Polyketide synthase gene phylogeny in dinoflagellates: Phylogenetic analysis of type I ketoacyl synthase (KS) domains from prokaryotic and eukaryotic polyketide synthases (PKS) and fatty acid synthases (FAS). In total, 1633 KS domains representing 43 dinoflagellate and 30 other prokaryotic and eukaryotic taxa were inferred using RAxML, GAMMA model of rate heterogeneity and 1000 bootstraps (653 characters). PKS gene families are highly expanded in dinoflagellates, forming three distinct clades (clades I–III coloured in green, pink and orange colours respectively), where the pattern of distribution is not related to the species phylogeny and/or the chemical structure these organisms produce. Solid circles indicate bootstrap values above 80. Clade labelled as outgroup/others consist of type I PKS-KS domains from fungi (reducing/non-reducing) and bacteria (cis and trans AT modular), type I FAS-KS domains from animals and type II PKS-KS from bacteria.

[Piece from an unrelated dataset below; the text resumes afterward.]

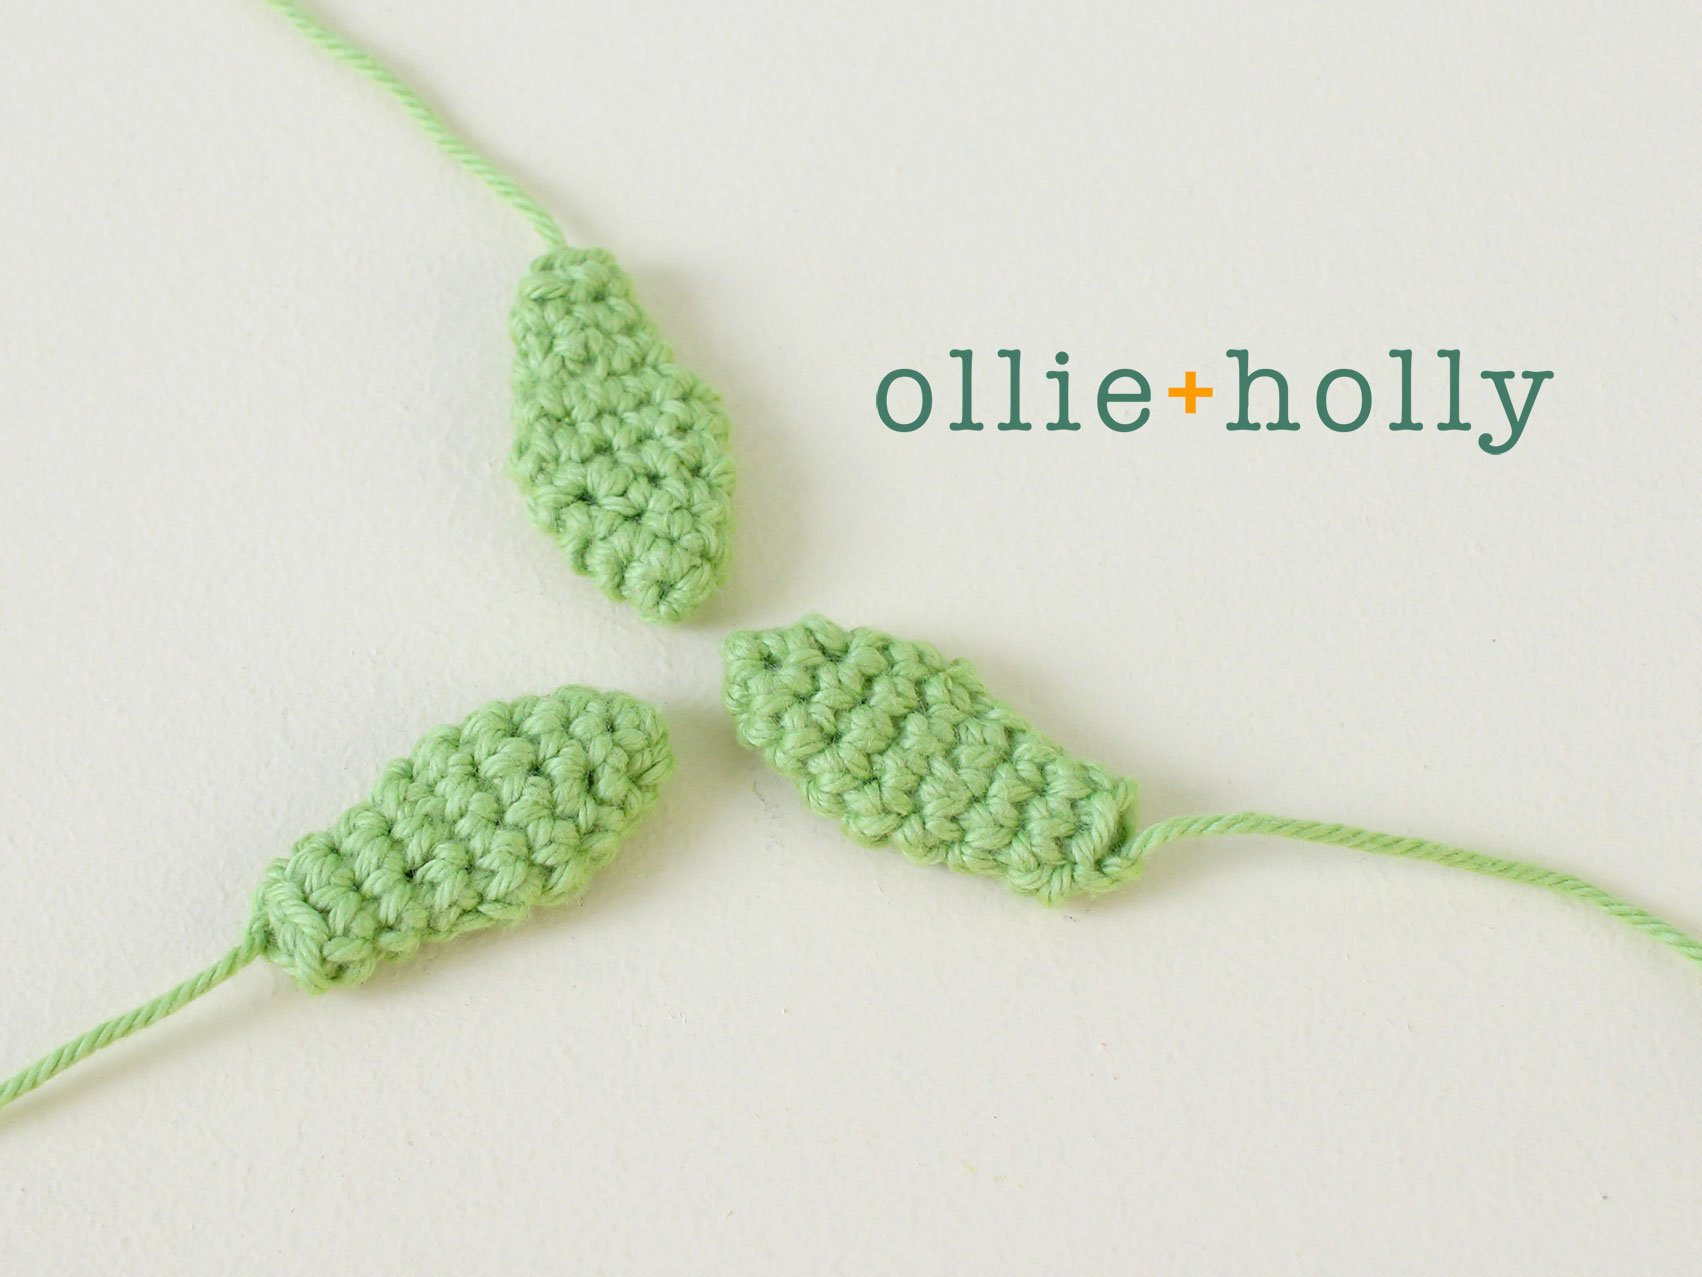 Free Sedum Adolphii Succulents (Golden Glow) Amigurumi Crochet Pattern Step 5

There is a growing body of evidence for the ecological benefits of some marine microbial eukaryotic toxins in the form of antipredator or allelopathic impacts (Cembella, 2003; Ianora et al., 2011 and references therein), given the importance of grazing as a selective force in the marine planktonic ecosystem (Smetacek, 2001). While only one or few compounds may be necessary to produce these ecological impacts, the presence of the genetic basis for the production of a vast number of distinctive polyketide compounds within a species may be related to the Screening Hypothesis (Jones et al., 1991; Firn and Jones 2003), based on the principle that ‘potent biological activity is a rare property for any one molecule to possess’ (Jones et al., 1991; Firn and Jones 2003). This would predict that organisms that produce and screen a larger variety of chemical compounds have an increased likelihood of enhanced fitness, as the chance of producing a rare chemical with a useful biological activity will be increased. An example of this may be the production of many different congeners of brevetoxins and ciguatoxins by Karenia brevis and Gambierdiscus spp. respectively (Kalaitzis et al., 2010 and references therein), which differ from one another in biological activity (Chinain et al., 2010). In dinoflagellates the lack of correlation with the species phylogeny (Figure 5), and the large intraspecific diversity in KS domains, suggests that multiple gene duplication events, domain shuffling and losses have occurred. This suggests that relaxed selection pressures have acted on the evolution of these secondary metabolite genes (Kroymann 2011; Weng et al., 2012), which may have been acquired or lost based on the functionality they provided to the organism (Murray et al., 2015).

Ecological experiments have been used to determine the predicted function of some polyketide compounds for the producing marine microbial eukaryotes (Cembella 2003; Ianora et al., 2011 and references therein). The elucidation of genes involved in polyketide synthesis in these organisms opens up the possibility that these ecological roles can be further investigated by examining factors effecting gene regulation, and by producing genetically transformed knockouts. This information will be crucial in revealing the biochemical and molecular basis of marine microbial eukaryotic community interactions.